What else did they have that she didn’t know about?
She looked up rather than consider that question. His broad shoulders filled her field of vision.
He smiled grimly. “I’m not any good at courtship,
Bea. I’m not much better at pretty words. I don’t know how to persuade
you, and I won’t force you. But I want a real marriage, and I think you
will, too, once you understand what that means.”
She would almost rather he forced her. Then it would
be over, and she’d know what to expect. Taking a deep breath,
regretting it the moment his glance dipped to the neckline of her robe,
she sought a sensible reply.
“I don’t think there can be a real marriage if
you’re not here most of the time. And I don’t think children ought to be
left without a father. I’m sorry if I misunderstood what you had in
mind. Please, could we not go back to the way things were? And when
you’re ready, you can sail away and forget this ever happened.”

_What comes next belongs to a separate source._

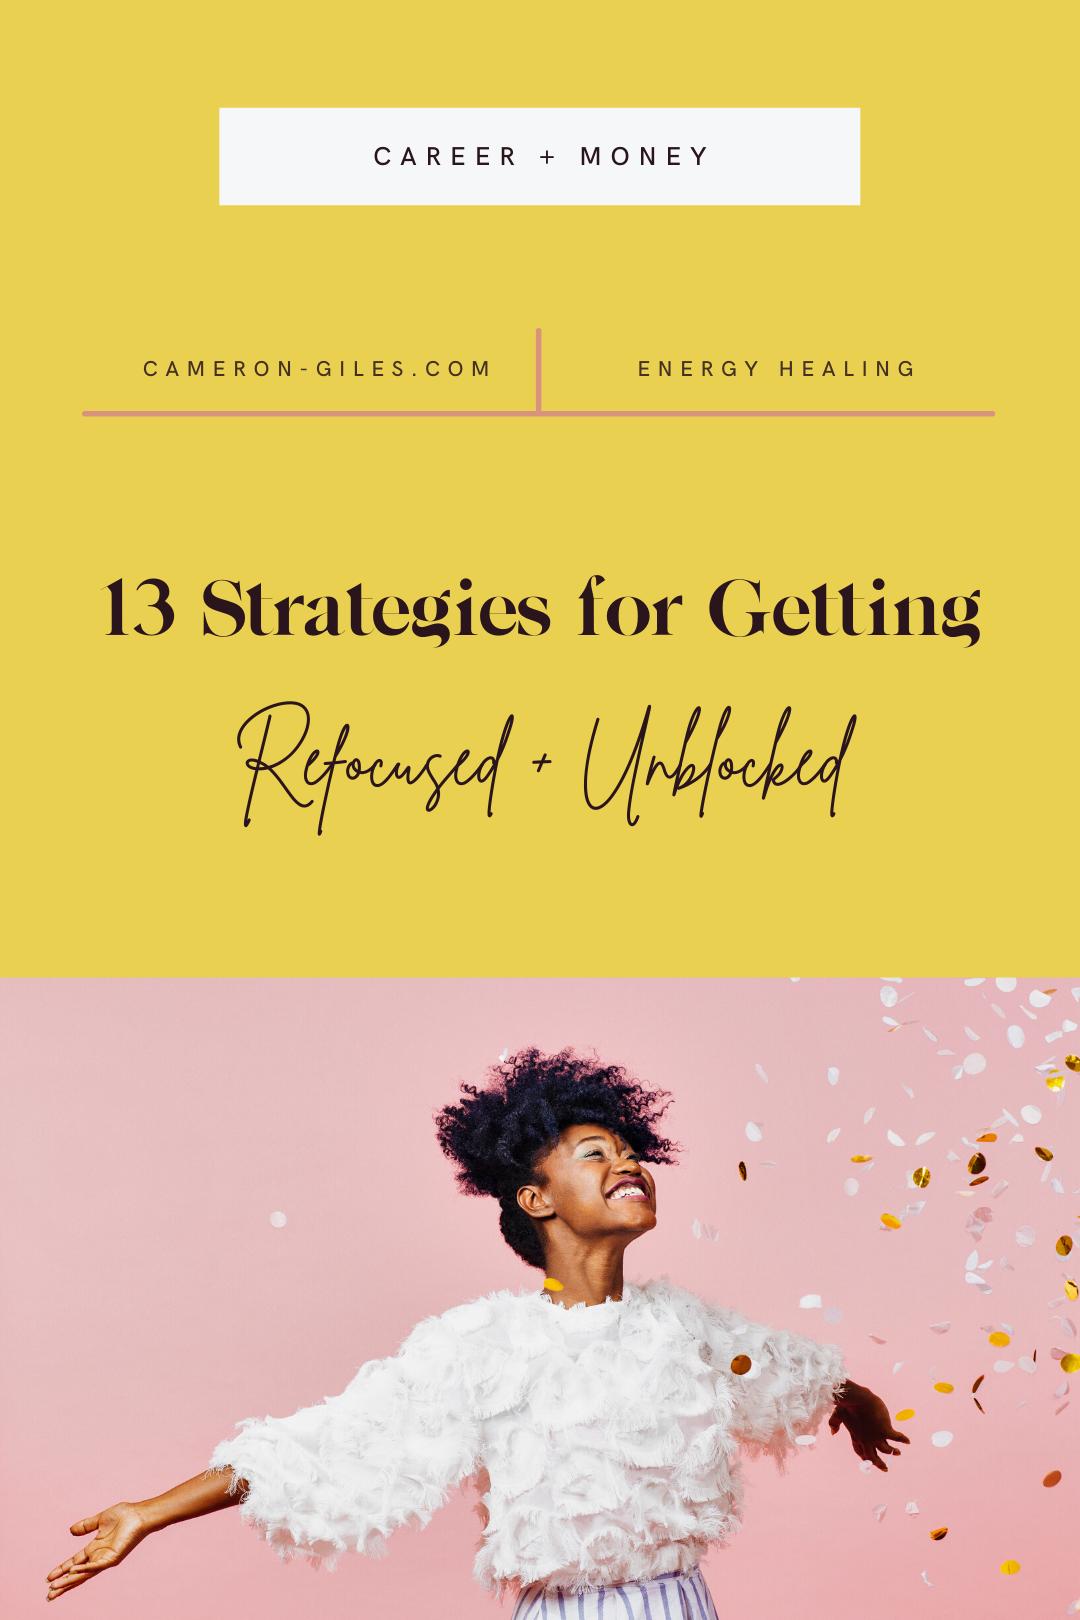 13 Strategies For Getting Refocused + Unblocked

Mac’s mouth took on a devilish curve she’d not
noticed before, and he shook his head. “Uh-uh, Bea. Now that I have you,
I don’t want any other woman. I like having a wife who fits in my arms,
and melts at my kisses, and makes funny moans in her throat when I
touch her.”
She stared at him warily, even as her insides
ignited like dry tinder at his words. She bumped into the bench as she
tried to back away when he reached for her.